Firmy porownywalne, sprawdz ktory serwis masz blizej / ktory jest lepszy. Jacy tam pracuja ludzie. Wystarczy pojechac i zapytac jaki polecaja model. Po chwili rozmowy mozna juz sobie wyrobic zdanie gdzie jest lepiej. 
Natomiast ten najtansze modele to modele amatorskie i trzeba sie z tym liczyc. Ja zaryzykowalem zakup uzywanej pily z serii profesjonalnej. I jak na razie sie sprawdza wysmienicie.

----------


## Darpiot

Kilka lat wstecz chciałem tanią piłę, której głównym celem miało być ciecie metrówek do kominka. Przywieziono mi z Austrii *Partnera 1,8 KM*(modelu nie pamietam - mogę spojrzec wieczorem). Podobno to gorsza odmiana Husquarny.  Nie taka gorsza jak się okazuje. Losy piły były dość burzliwe wycinając 2 sady owocowe w których rosły stare jabłonie o średnicy do 70cm, zagajnik jesionowy i tnąc nizliczoną ilość metrówek. Piła jak do tej pory nie była nawet w regulacji bo nie było takiej potrzeby. Jest niezawodna.

----------


## Regut1

> Firmy porownywalne, sprawdz ktory serwis masz blizej / ktory jest lepszy. Jacy tam pracuja ludzie. Wystarczy pojechac i zapytac jaki polecaja model.
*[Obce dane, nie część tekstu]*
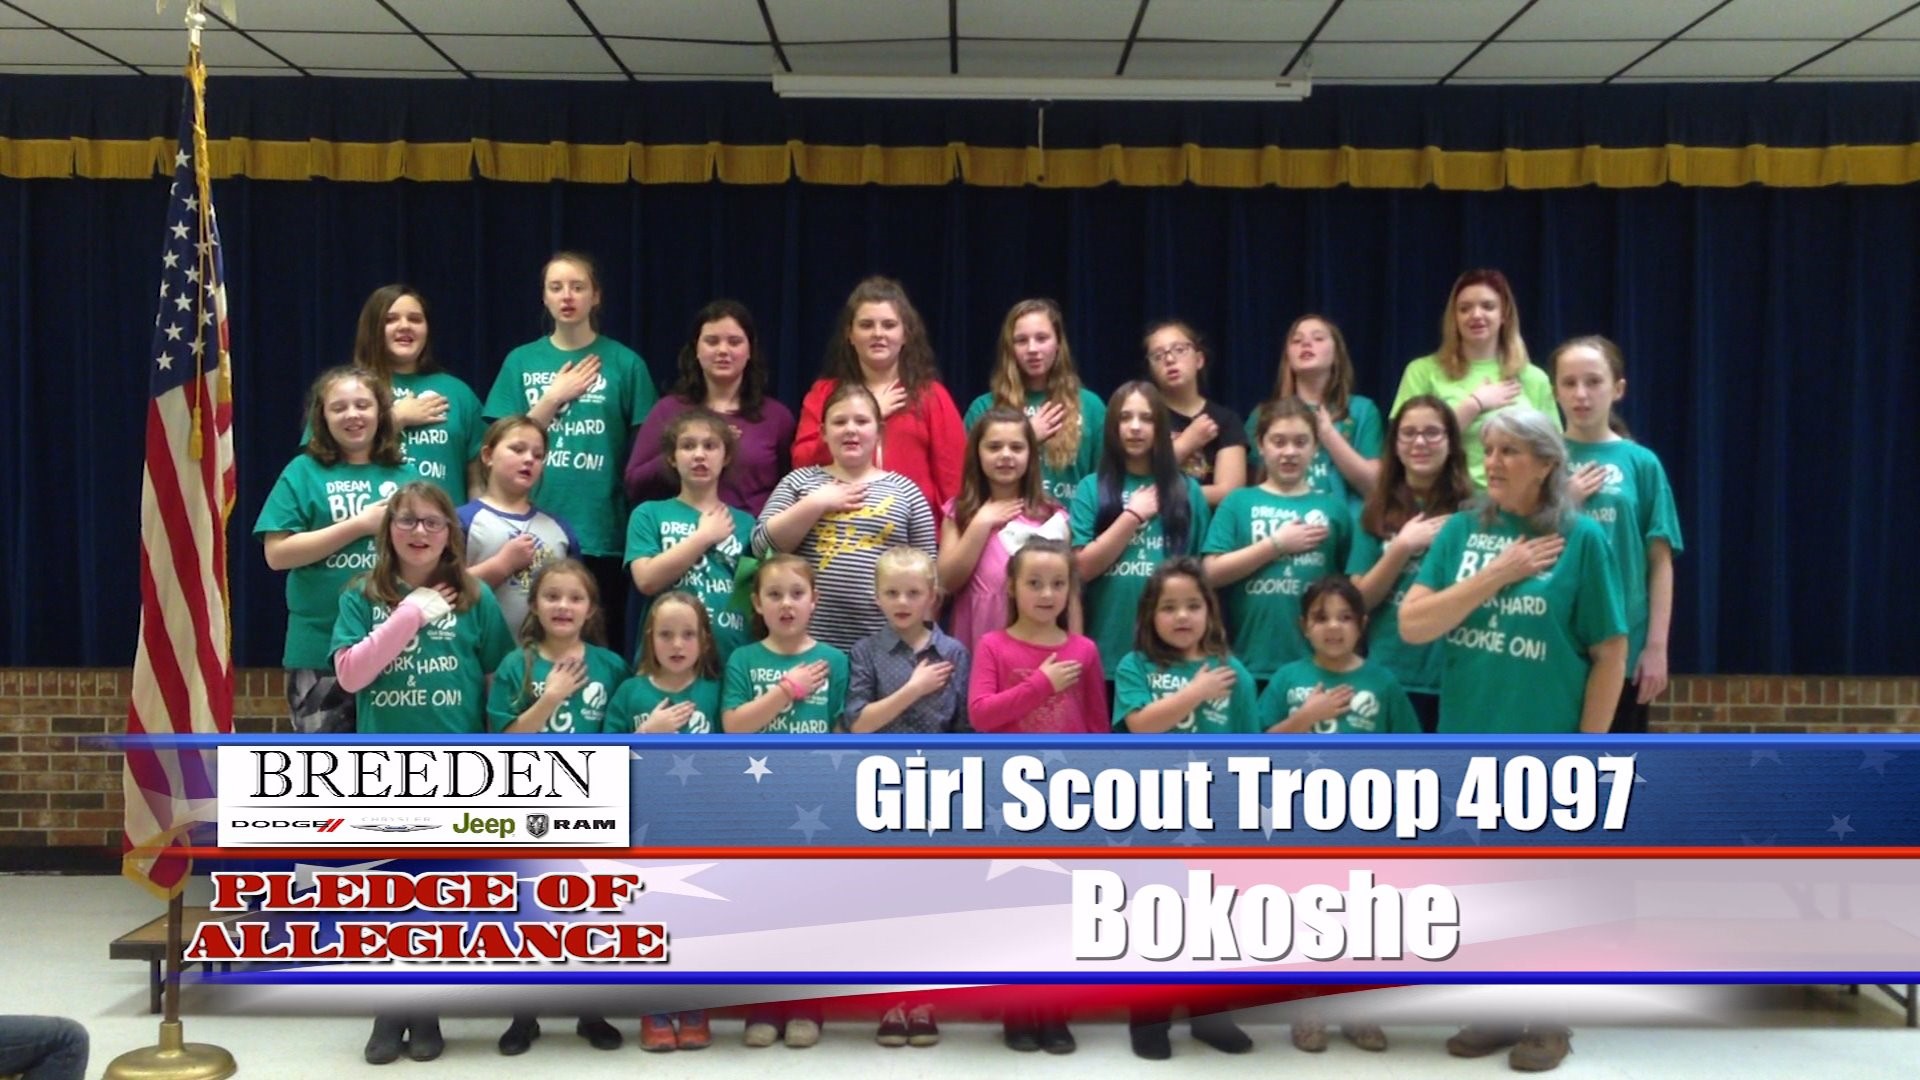 Girl Scout Troop 4097  Bokoshe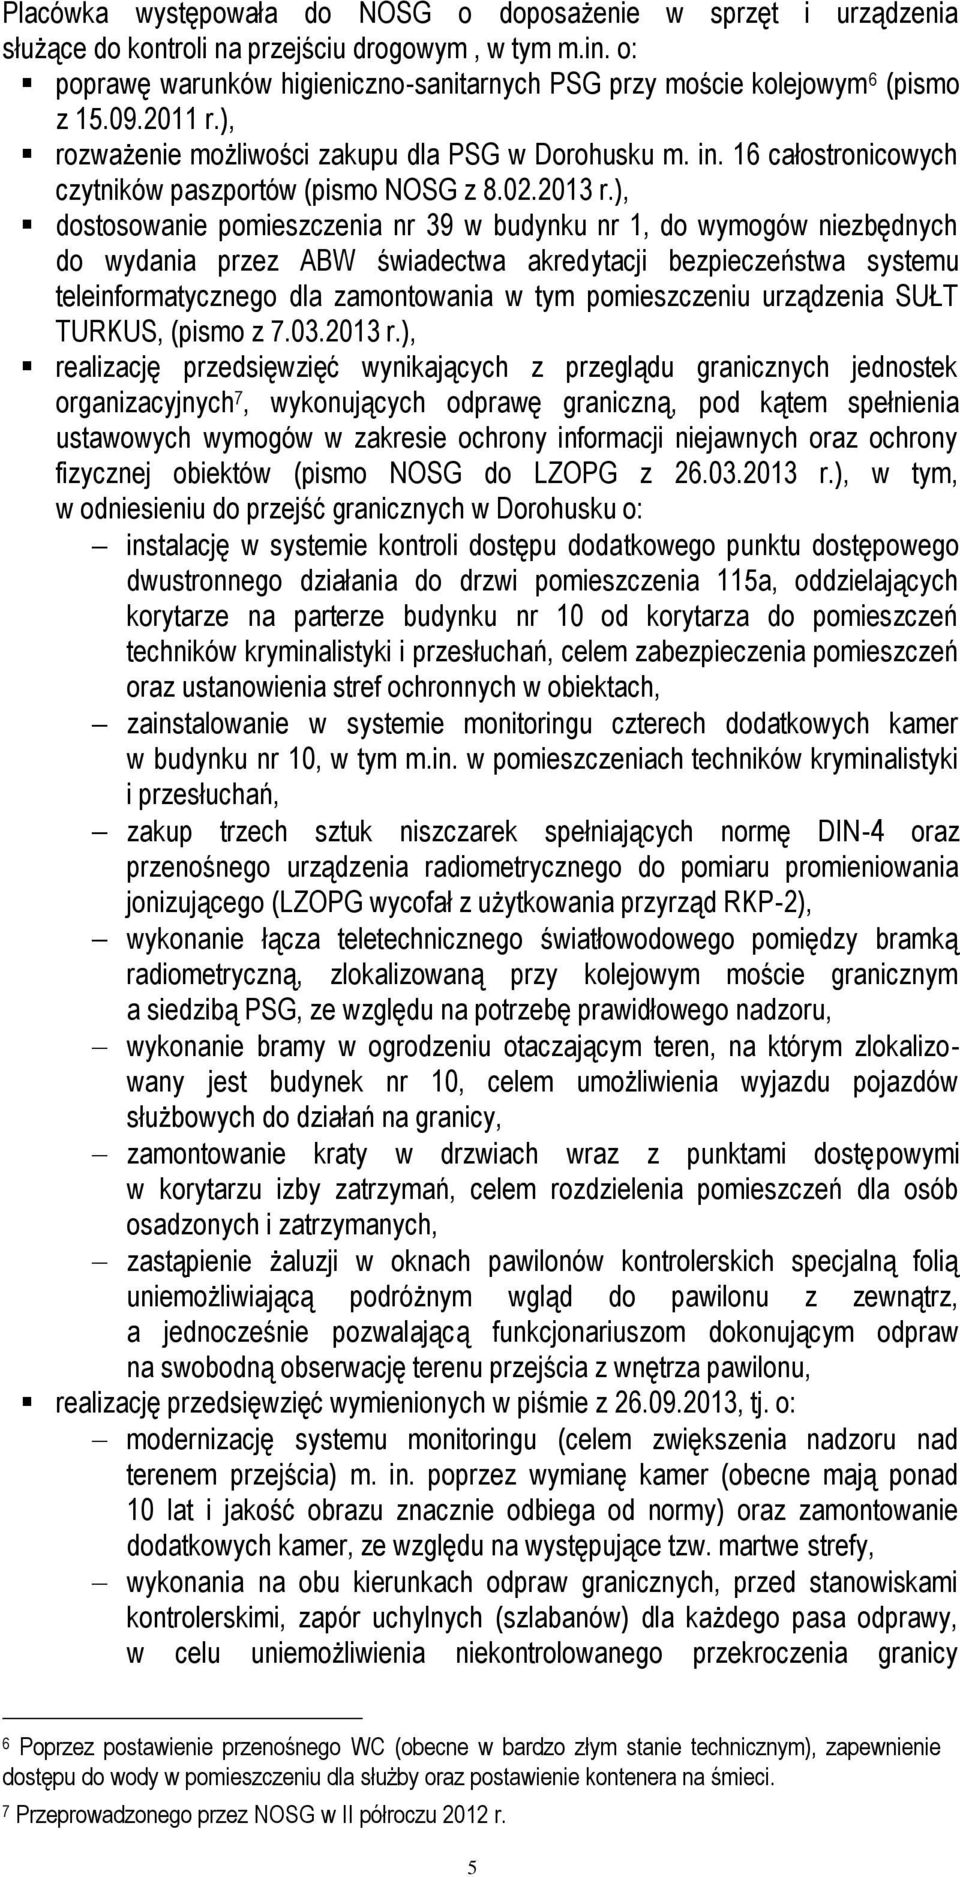 16 całostronicowych czytników paszportów (pismo NOSG z 8.02.2013 r.

Po chwili rozmowy mozna juz sobie wyrobic zdanie gdzie jest lepiej. 
> Natomiast ten najtansze modele to modele amatorskie i trzeba sie z tym liczyc. Ja zaryzykowalem zakup uzywanej pily z serii profesjonalnej. I jak na razie sie sprawdza wysmienicie.


Potwierdzam. 
Z tym że warto wiedzieć od kogo się taki sprzęt kupuje i kto na nim pracował ewentualnie przed zakupem zanieść sprzęt zaufanego do serwisu żeby go przejrzeli. Stare profesjonalne pilarki, odpowiednio konserowane i używane  mają to do siebie że są bardziej trwałe niż nowe modele tego samego producenta. 
Reszta to kwestia zwykłego szcęścia.

----------


## compi

I zaszalałem  :smile: . Zakup to Husqvarna 440, 2,4 KM mocy; 4,4 kg waga. Dostałem w promocji torbę - pokrowiec na piłę ( cordura) i czapkę  :smile: . Dokupiłem łańcuch i olej. Tak jak ktoś wyżej napisał znalazłem w końcu sklep gdzie sprzedawca poświęcił mi nie tylko więcej niż klika minut, ale też szczegółowo, na podstawie swoich doświadczeń jako były pracownik leśny, wyjaśnił różnice między poszczególnymi modelami. Podsumowując opinię sprzedawcy i ludzi pracujących przy drzewach/drewnie można określić kilka podstawowych błędów podczas wyboru sprzętu przez laika, którym też jestem. Otóż cięcie drewna na opał wymaga od piły sporej wytrzymałości, niemniejszej niż sprzętu profi. Ciągłe cięcie i praca non-stop powoduje spore przeciążenia. W lesie piła pracuje z przerwami. I tak pilarka lekka - gałęziówka jaką miałem zamiar kupić, byłaby narażona na uszkodzenia i powodowałaby, że czas pracy wydłużyłby się znacznie. Waga nie jest tak istostna, a moc i systemy ułatwiające pracę są tu priorytetem. Mam na myśli amortyzatory, zabezpieczenia, smartstarty itp.  Inna rzecz to części zamienne. W Stihlu i Husie kupimy części nawet za 10 lat. 
 Patrzę na ten swój komplecik i morda mi się śmieje. Tylko jak teraz żonie powiedzieć ile wydałem?   :Roll:  

Dach będzie robił mi kolega, który jest cieślą. Ma swój sprzęt, ale stwierdziłem, że jest to właśnie powód, żeby dokupić coś do warsztaciku  :wink: .

----------


## bart80

ja mam stihla i nie narzekam. kolega pilarz zawodowy twierdzi że hq jest dobra do cięzszej roboty a stihl do precyzyjnej, cóż do więźby więc lepszy stihl /tak myślę/ a potem do ciecia opału i pracy w ogrodzie też sie przyda przy używalności kilka kilkadziesiąt razy w roku to szans nie ma jej zajechac aczkolwiek wszystko zależy od użytkownika

----------


## step26

ja od 4 lat uzywam stihl 180C i jestem bardzo zadowolony, jak na razie nic sie nie psulo, w mojej okolicy wszyscy sasiedzi maja stihla i sa zadowoleni;
husqwarna tez jest dobra pila tylko, ze jest ona wieksza i wiecej pala i uwazam, ze bardziej nadaja sie dla zawodowych pilarzy

----------


## franco103

> Sąsiadowi raz zabrakło w lesie paliwa do Huswarny i pożyczył od kolegi, który miał Stihla. Przy innej okazji coś mu się popsuło i w serwisie już wykryli, że było wlewane inne paliwo i musiał za naprawę zapłacić 300zł.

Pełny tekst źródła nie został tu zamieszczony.